-- Recorded data follows --
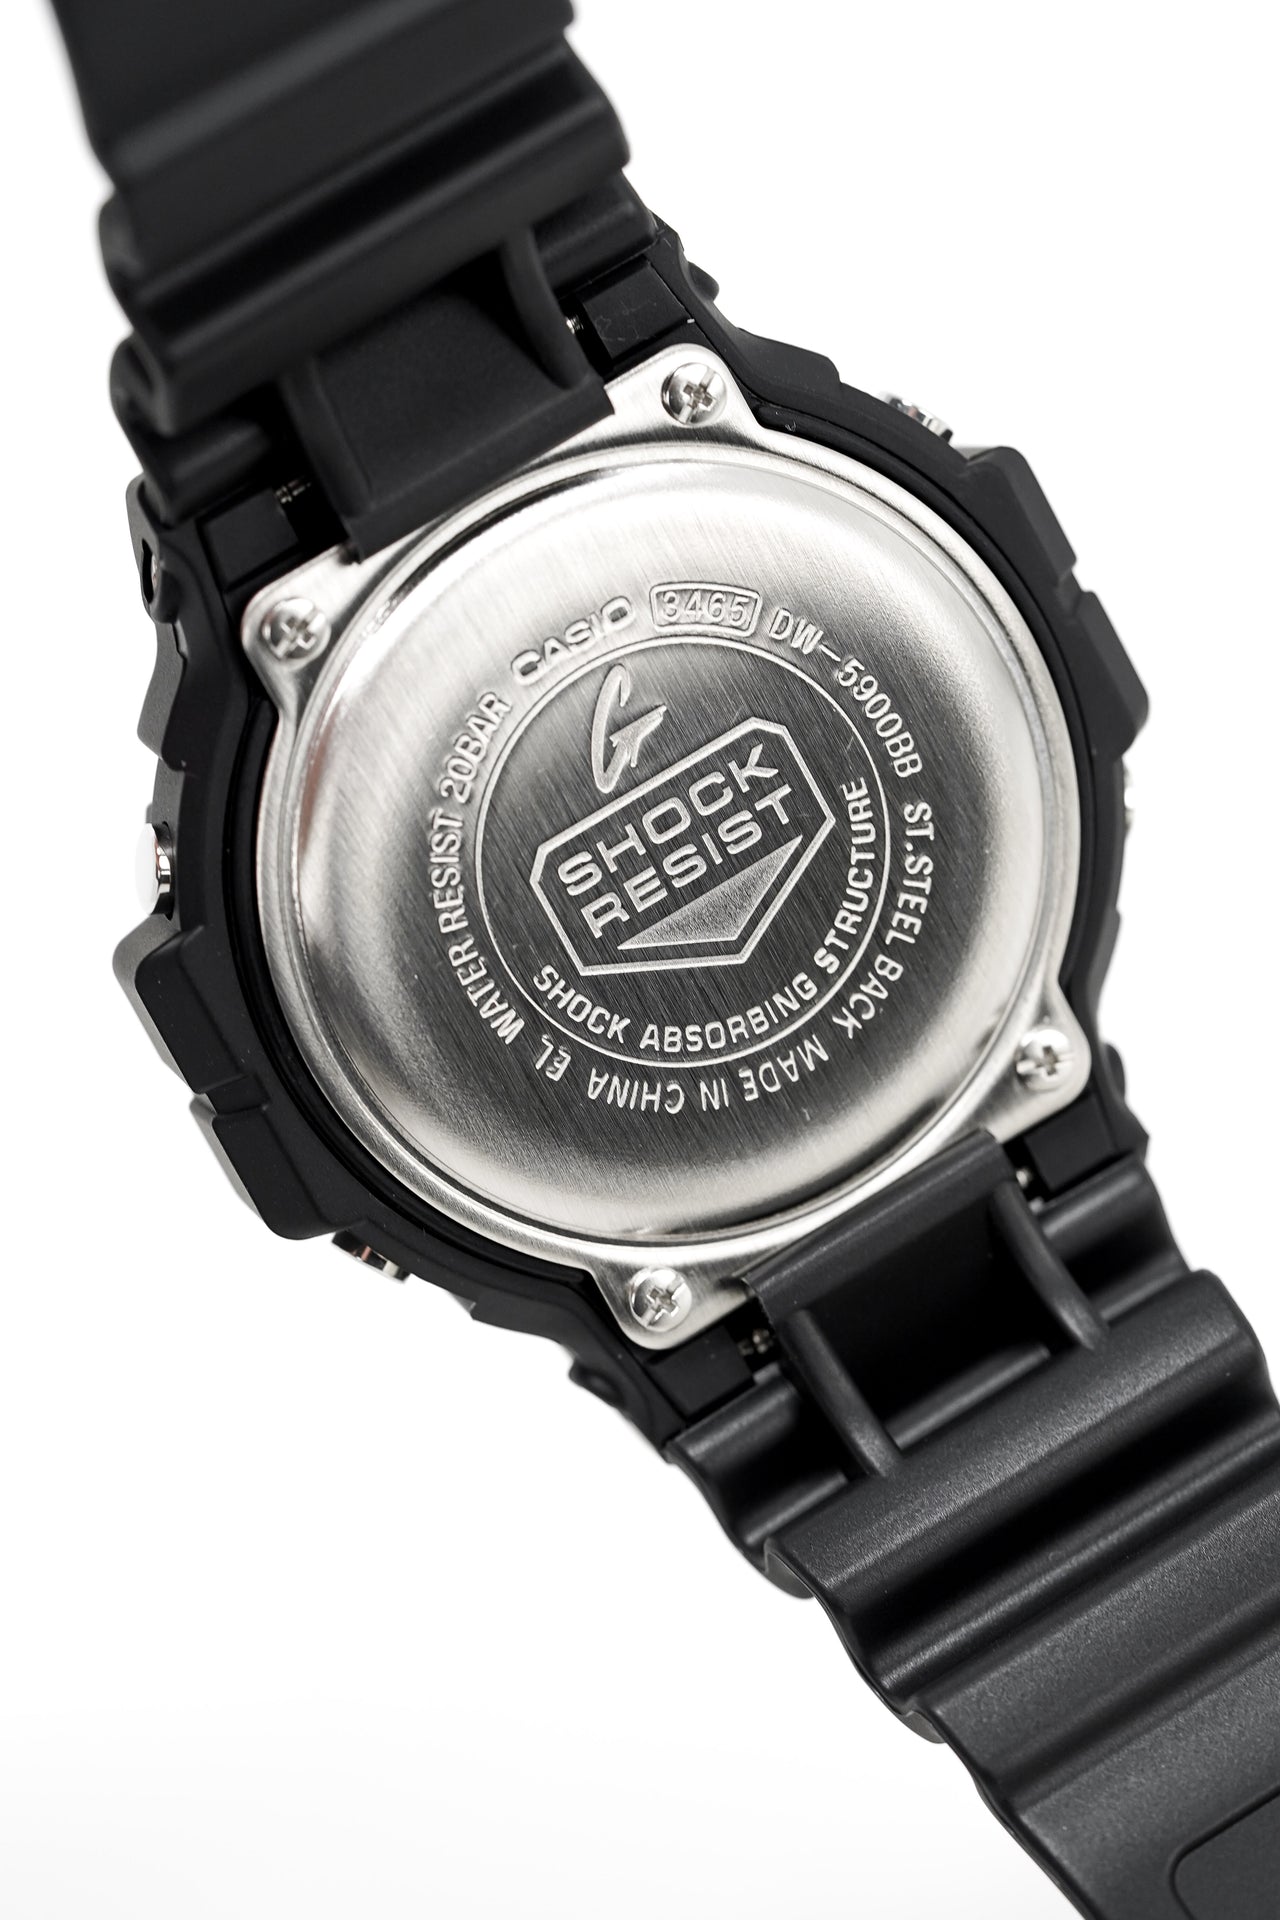 Casio G-Shock Watch Men's "Three Eyes" Classic Basic Black DW-5900BB-1DR
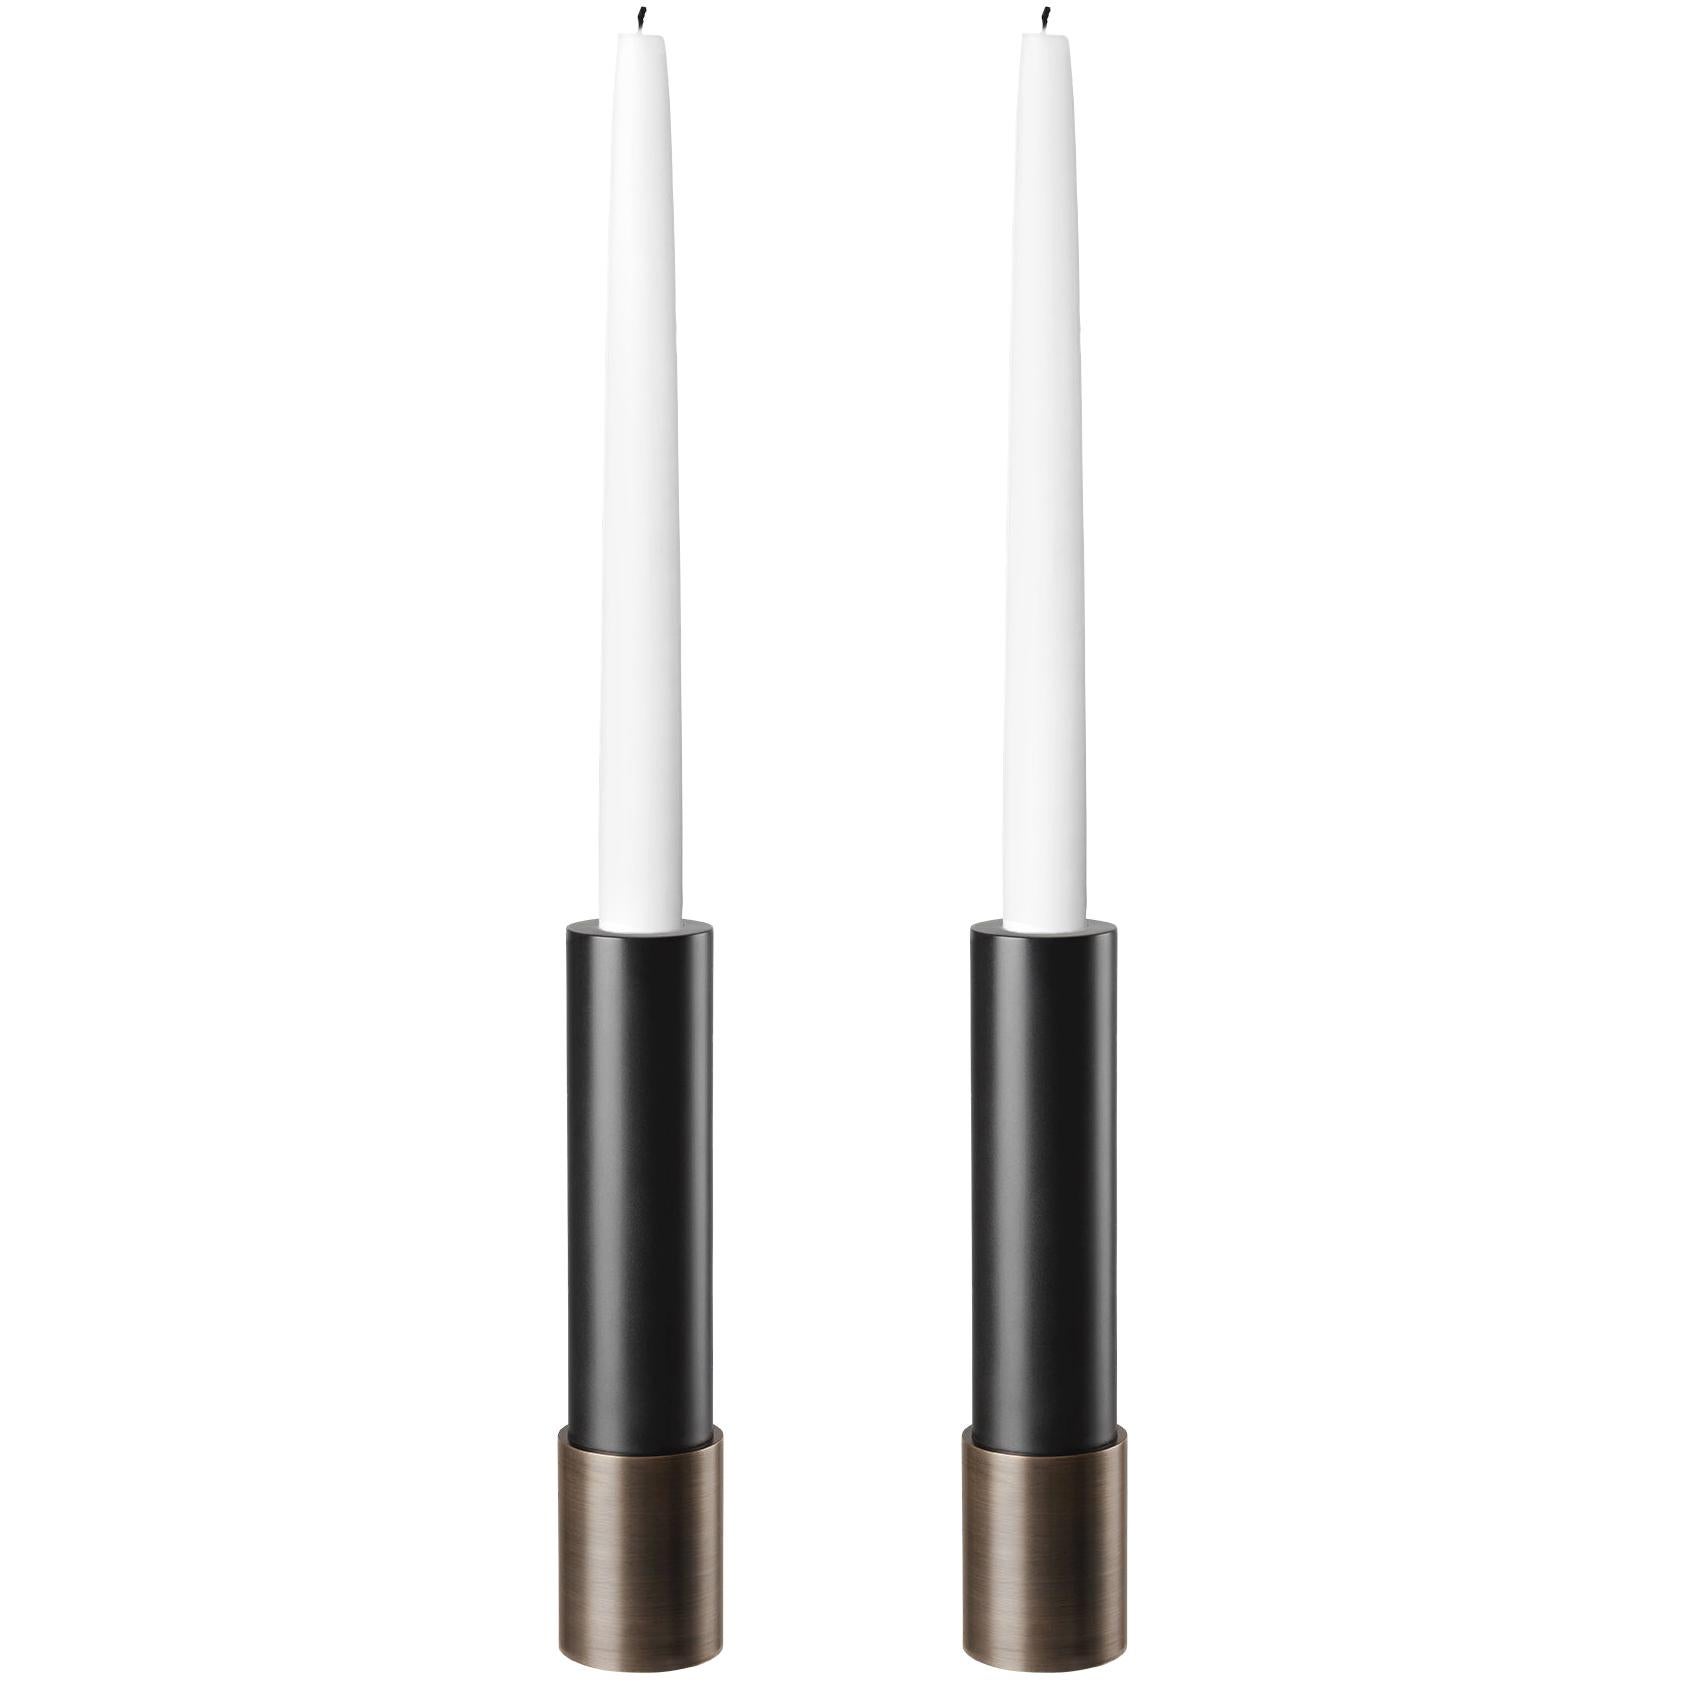 Pair of Candlesticks Model #20 by Space Copenhagen for GUBI For Sale
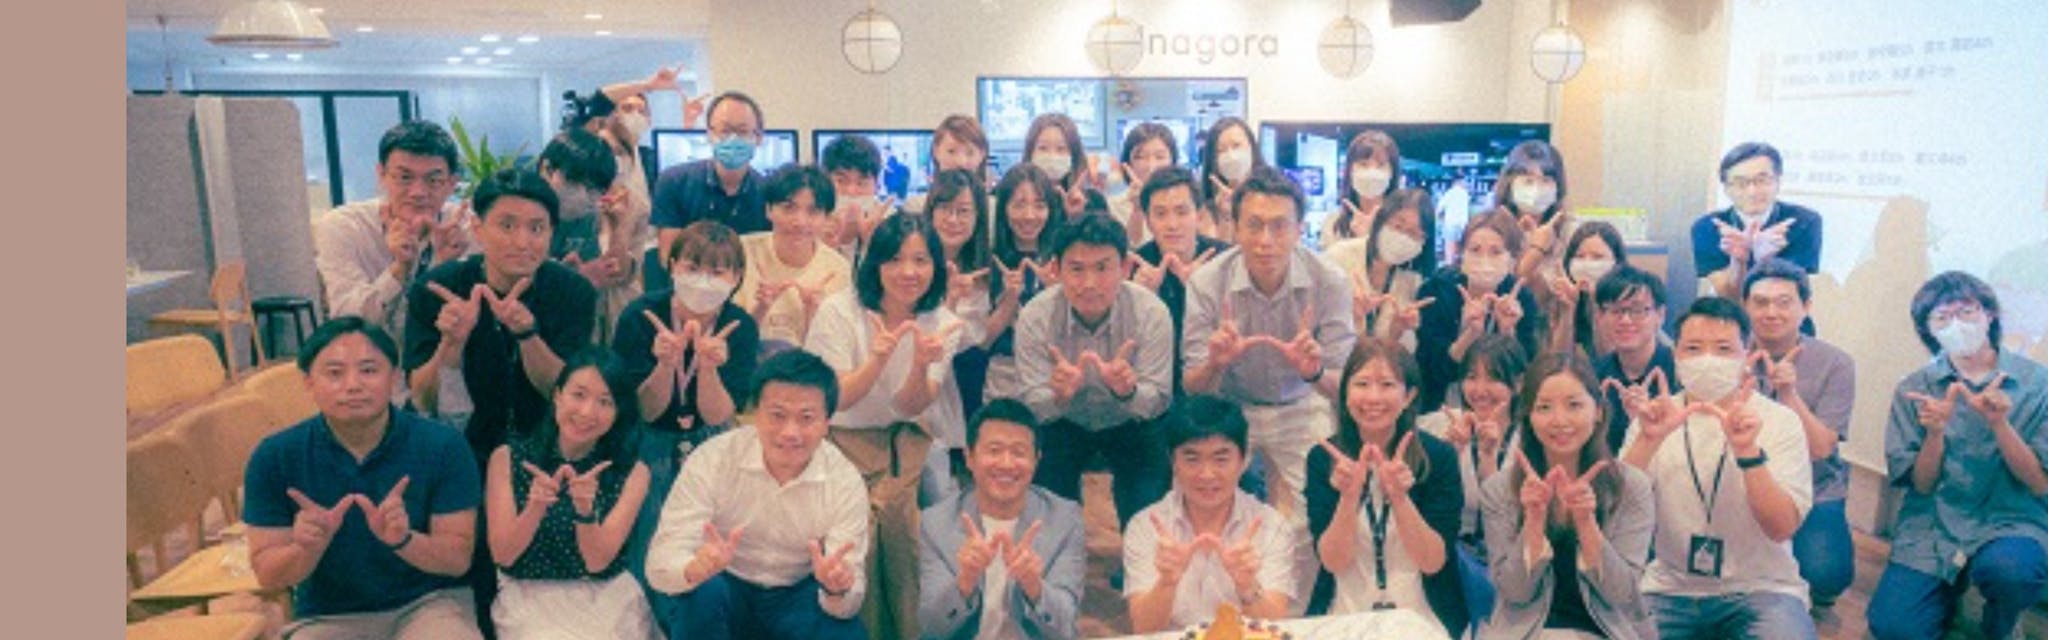 Inagoraホールディングス株式会社 - メイン画像
-- Recorded data concluded --
- _Work item_: Everything from the line containing "Pair of Candlesticks" through the final line of the material must be set down exactly, except the pictures.

- _Task solution_:
 Pair of Candlesticks Model #20 by Space Copenhagen for GUBI For Sale
 Inagoraホールディングス株式会社 - メイン画像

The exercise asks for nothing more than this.